Stupid educationists have invented for the educational process the profoundly inadequate term “knowledge transfer”, suggesting a uni-directional stream of knowledge towards an accumulating recipient, who becomes monotonically more knowledgeable. I consider it a caricature at best. The trouble is that it may have stuck in some of your minds, thereby creating an extra barrier for the unlearning process. It makes some people totally unprepared for the recognition that among what they have acquired so far is possibly a lot of junk that is more a burden than an asset and that they should be happier without. One cannot be cautious enough with the choice of one’s past.

Introducing a course on mathematical methodology, Edsger W. Dijkstra

Brian and Stephen are having a discussion on whether the role of education should be to teach you information, or teach you to think.

It is impossible to know how to think, without having enough accompanying knowledge to which this can be applied. However, it is possible, and all too common, to have the knowledge without knowing how to think about it.

The question, then, is when the ‘thinking’ should be taught. In my educational history, I think there was an undercurrent of acceptance of the distinction between the two concepts, but it was too often muddled.

For example, when I studied English Literature for O-Level, it was never made clear what I was actually meant to know or do or write about. I suspect that I may have found the subject a lot more interesting, and also done much better at it, if it had been taught (and examined) more as “the study of the history of interpretation of English Literature”.

Then we could have seen how literary criticism actually worked, and how it evolved, and how it was applied to the sorts of works we were reading. And the best pupils, those who were likely to continue the subject to A-Level or University Level, would have been the ones who were able to add their own thoughts and ideas onto the top of this. Whereas the rest of us, who were only doing the course because it compulsory, would have at least learnt something about the area, and have gained enough knowledge to be able to achieve a decent grade, even if we weren’t able to contribute anything interesting ourselves.

However, it seems that we were only really expected to contribute our own thoughts, without any knowledge of how to do so. For example, we “studied” Animal Farm (for some definition of “studied”). We weren’t taught anything at all about the normal analysis of it – we weren’t even taught that it was a political satire!
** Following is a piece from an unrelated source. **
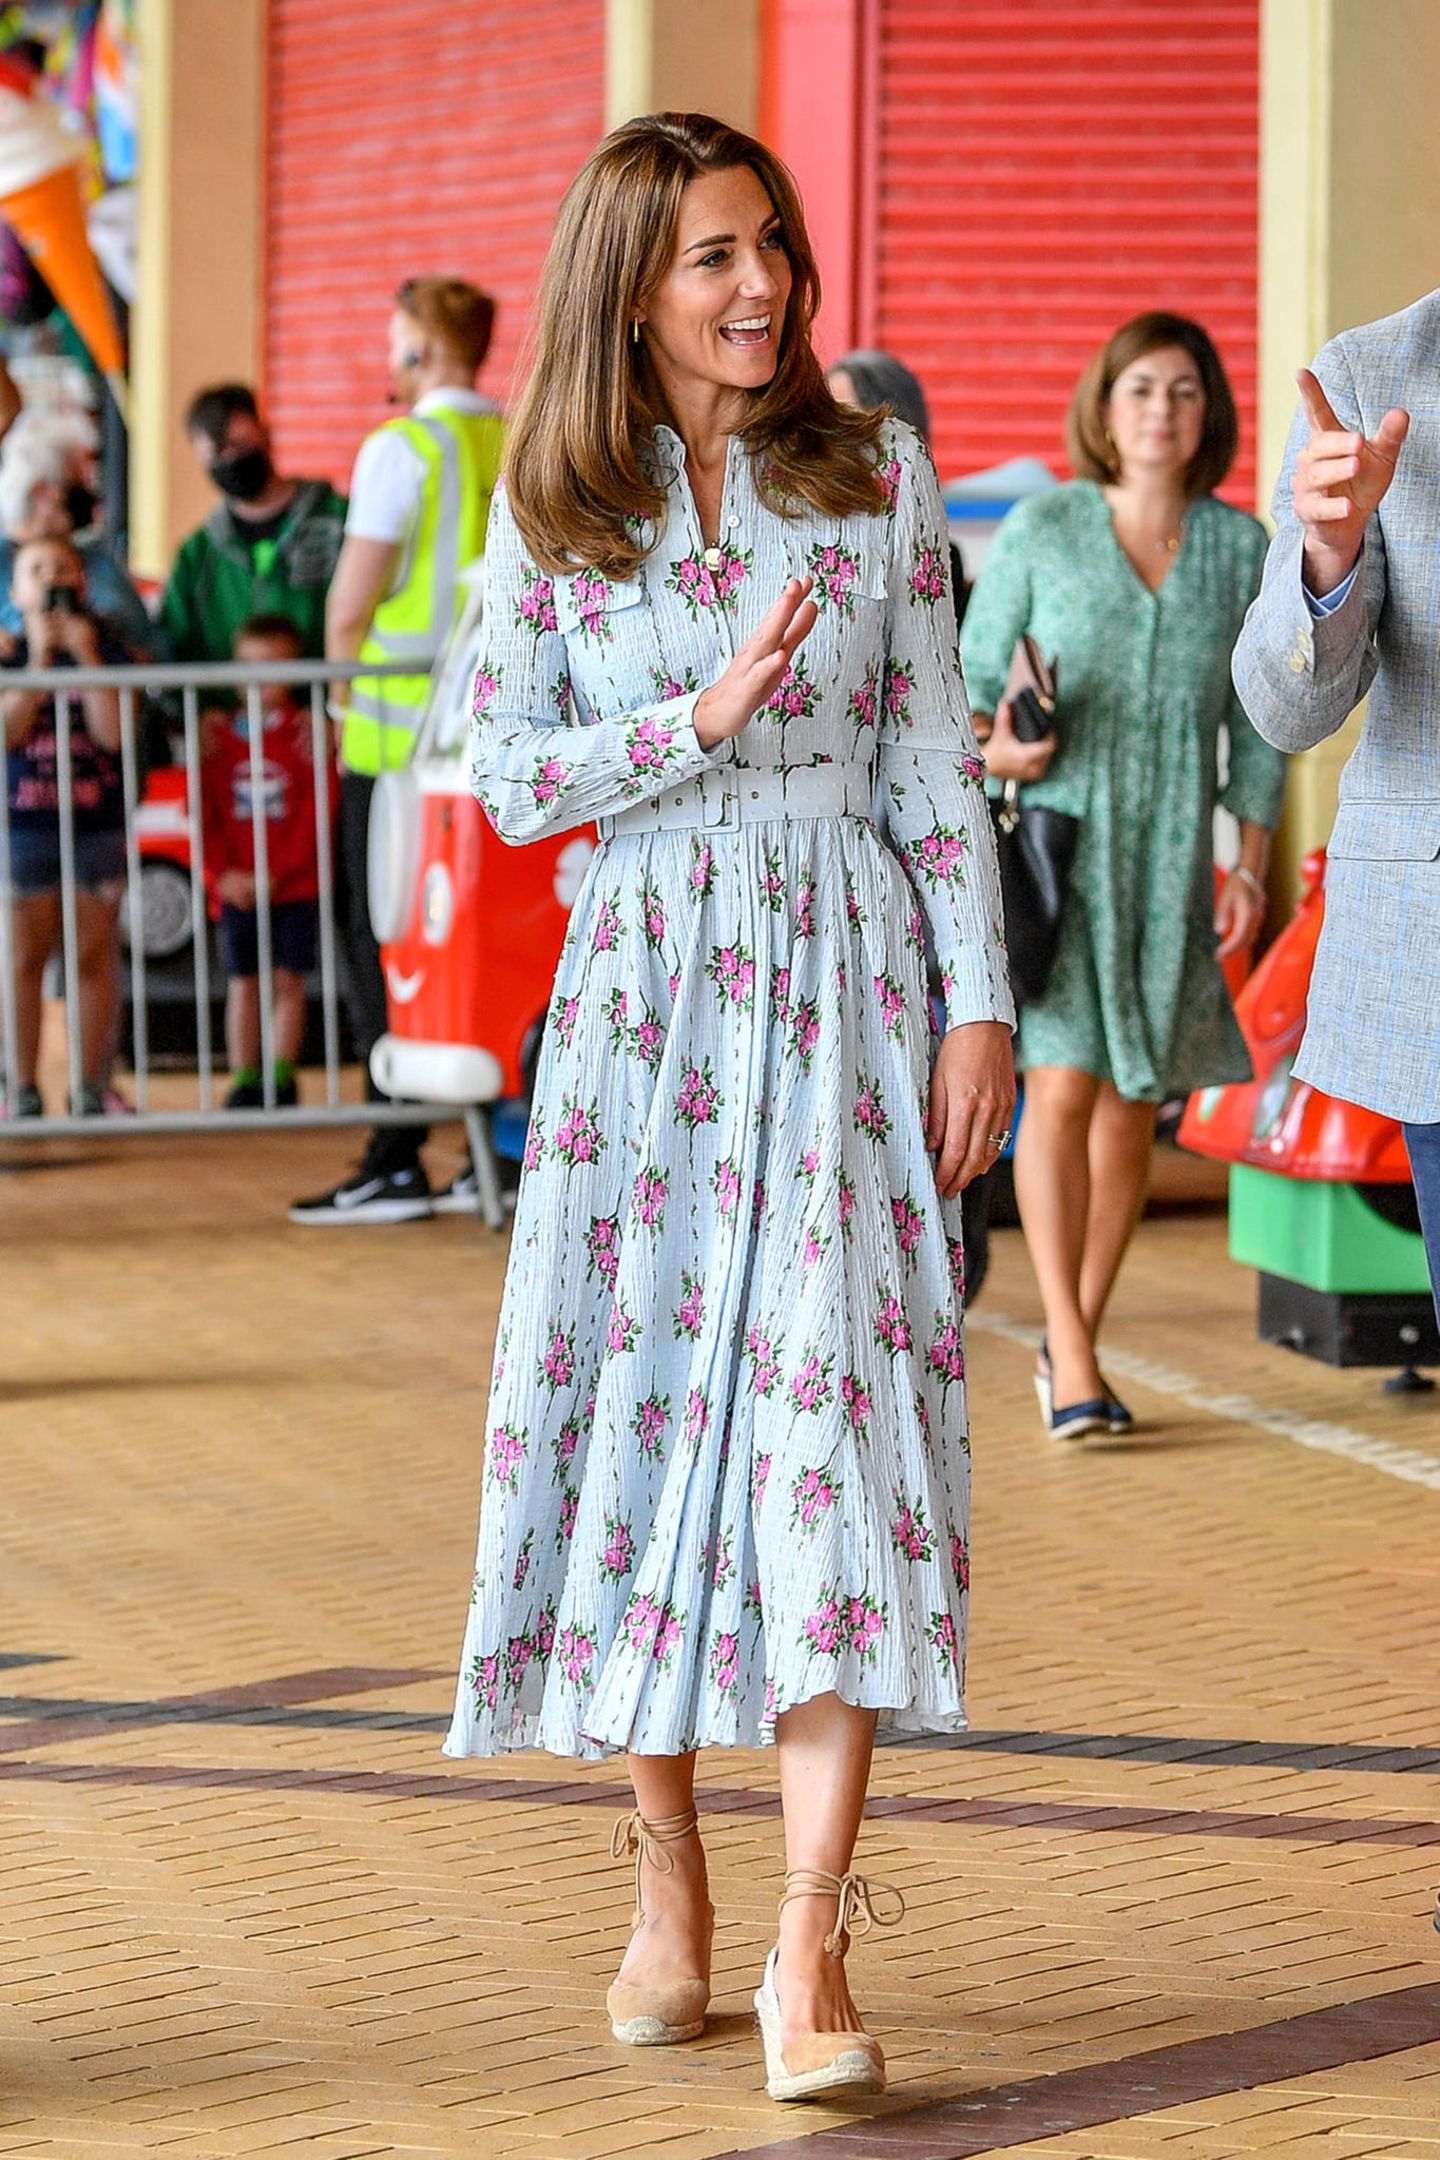 Florale Kleider sind die It-Pieces der Royals, um Lässigkeit und Eleganz zu vereinen. Herzogin Catherine wählt hier ein tailliertes Midi-Dress von Emilia Wickstead.

To us it was just a fable of human nature. No matter what approach you take to education, this surely cannot be it.

Although this is the extreme case, much of my education was similar. You were taught a viewpoint, but not told that it was only that. It was if everyone in the world agreed on a certain interpretation of Macbeth, or of the Industrial Revolution, or of whatever the things were that we were supposed to have learnt in Geography that have long since faded from mind. And we were expected to be able to work out, from first principles, what this interpretation was. (I could never do this, and so was steered down the path of Mathematics, Languages, and the Sciences, where your answers were clearly right or wrong.)

If this is the school system trying to teach thinking, it’s completely back to front. Being able to critically analyse something from first principles is a highly advanced skill, only really available to experts in the field. But because it’s the approach we’re taught, everyone thinks they can do it. At an abstract academic level, this is bad enough. But in the commercial world, it’s recipe for disaster.

Confronted with a new idea, most people either accept it (usually in a modified form, filtered through layers of experience and an often invisible belief system) and work with it, or reject it. Few attempt to research it, or see what the state of knowlege in this area actually is.

Only the very best can become giants in any area. But there’s no excuse for even the smallest dwarf to see further by standing on the shoulders of the many giants who have come before.